Getting into the EPIET programme in the first place was no mean feat. She had completed her doctorate, having gained a Bachelor of Science, majoring in Biochemistry and Genetics, followed by a Master’s in Veterinary Studies at the Palmerston North campus, and was working for the Institute of Environmental Science and Research in Wellington, dreaming of being a field epidemiologist studying Ebola outbreaks in deepest Africa.

A colleague in the United States mentioned the EPIET programme, which she was eligible for, thanks to her British passport.

After a rigorous application process and several nail-biting telephone interviews – one of them conducted in high-speed French – she was granted a face-to-face interview. Abandoning a role in the Porirua stage show of Les Miserables, she flew to Stockholm to compete with 21 other hopefuls for one of eight EPIET positions. A month later, back in New Zealand, she learned she was in.

Now into her second year of the programme, Boxall is challenged by some aspects of life in Prague and charmed by others. The intricacies of the Czech language are a daily struggle. “It’s one of the most difficult languages to learn, ever,” she says. She has found that her Czech colleagues are less familiar with the team approach to sharing scientific knowledge, and she observes that many more people smoke.

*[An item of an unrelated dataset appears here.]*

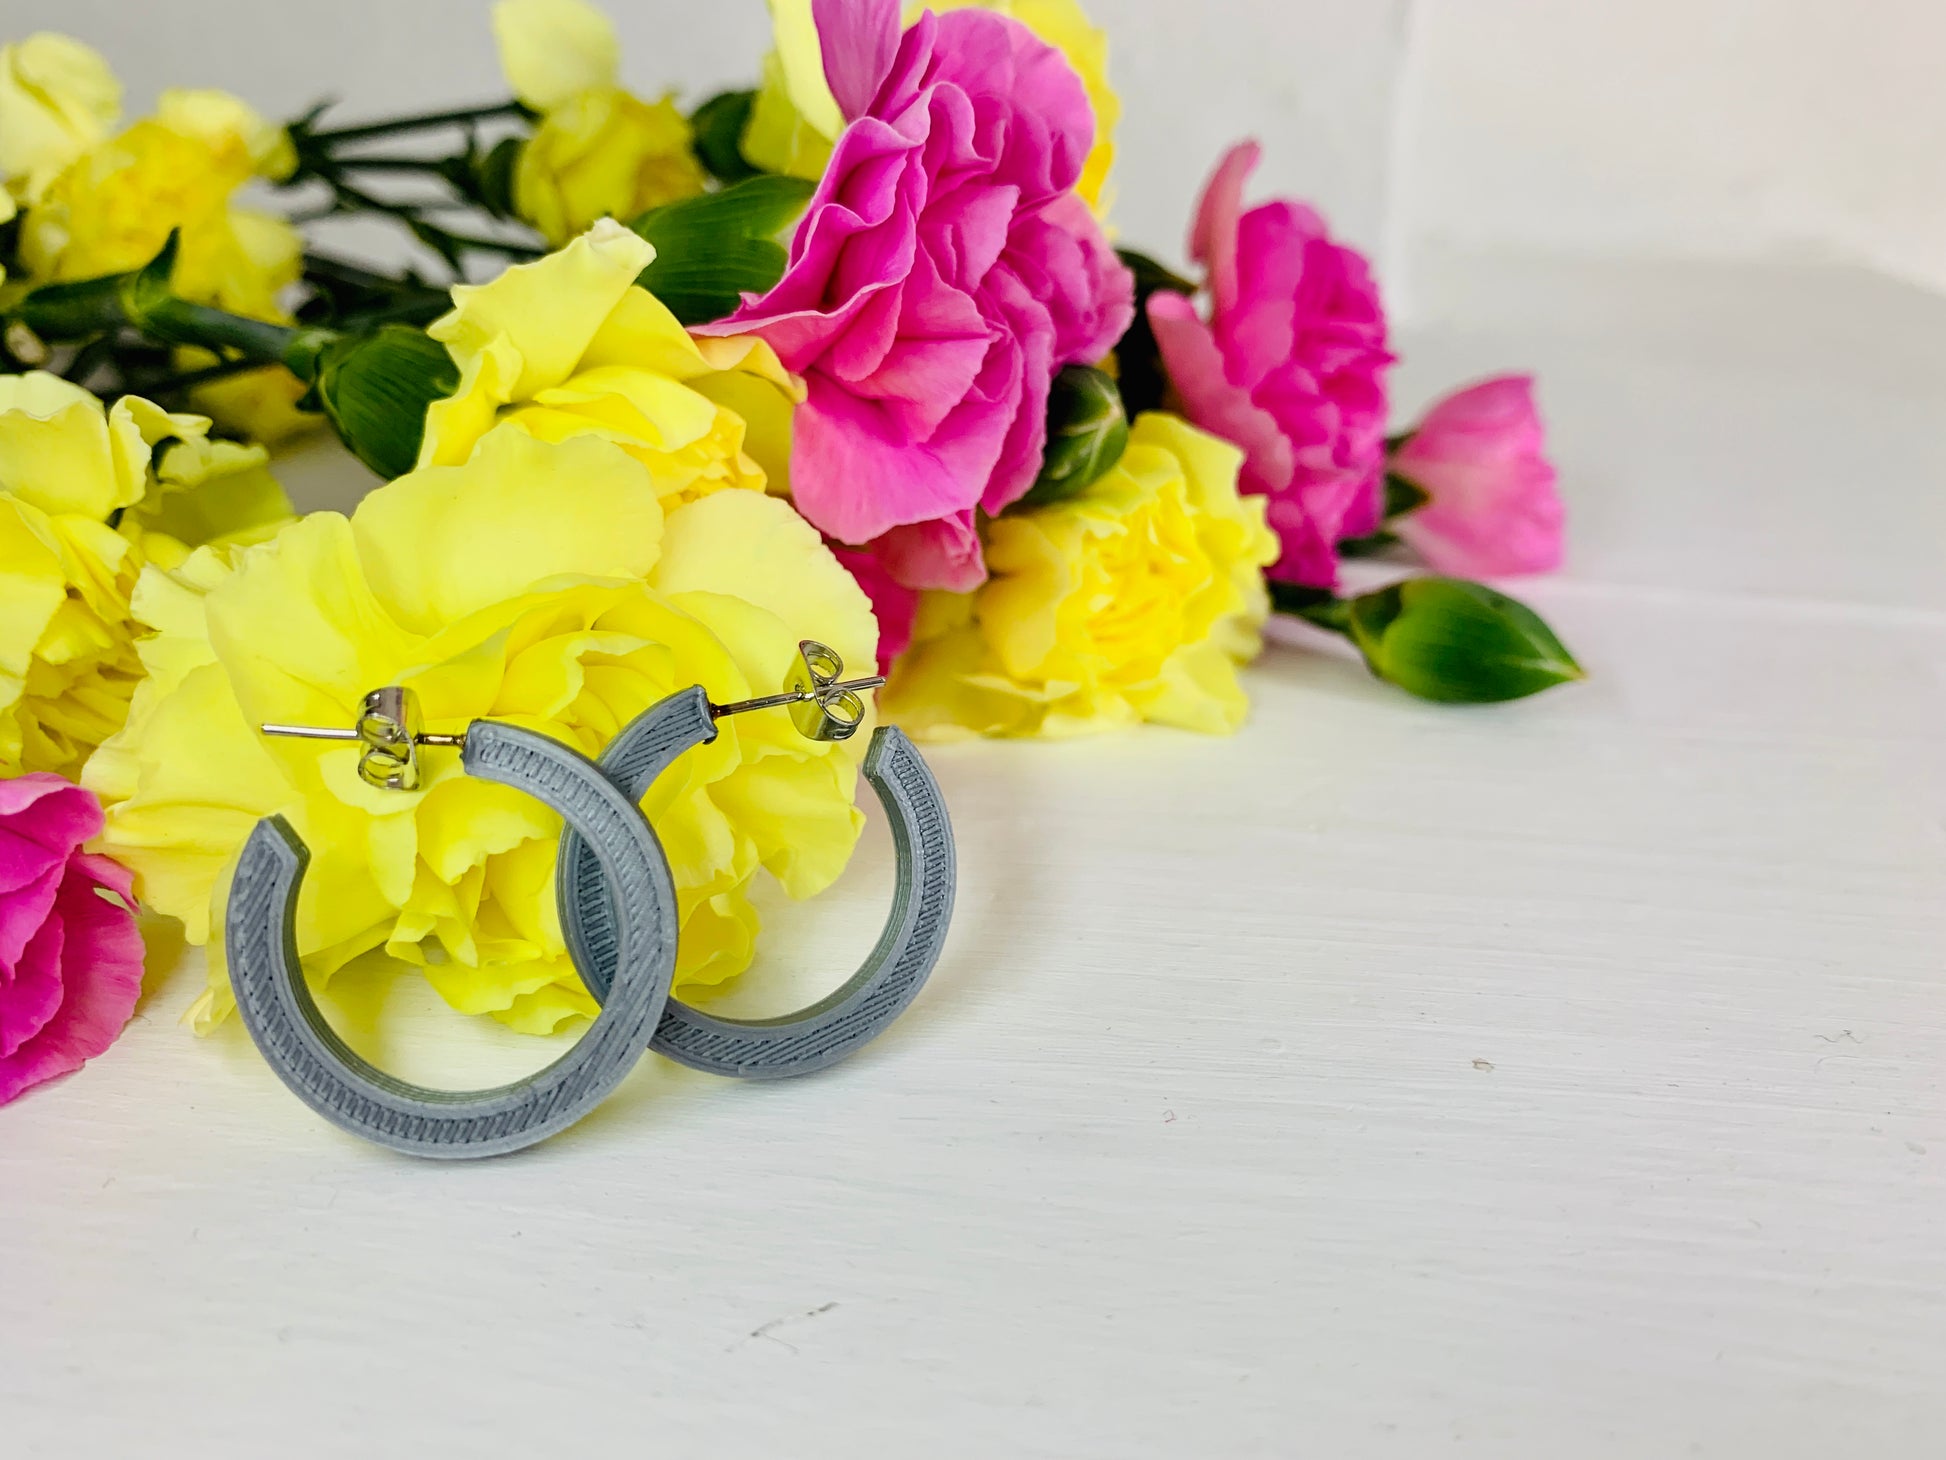 Resting in front of yellow and pink carnations are two 3D printed hoops. They are silver and chunky in their shape.

The compensations? One is the city itself, with architectural splendours that span a thousand years. The blog she maintains to stay in touch with family and friends records a lively social life. She performs in an ex-pat jazz a cappella group around the city, and manages the occasional weekend trip to London for shopping and catching up with friends.

But it is easy to imagine Boxall taking her leave of cosmopolitan Prague to head to the disease hot zones of Africa.

She wants to do good. For her, the practice of epidemiology is above all a humanitarian enterprise.

“I want to feel like I’ve made a difference and helped people. That’s all I want to do.”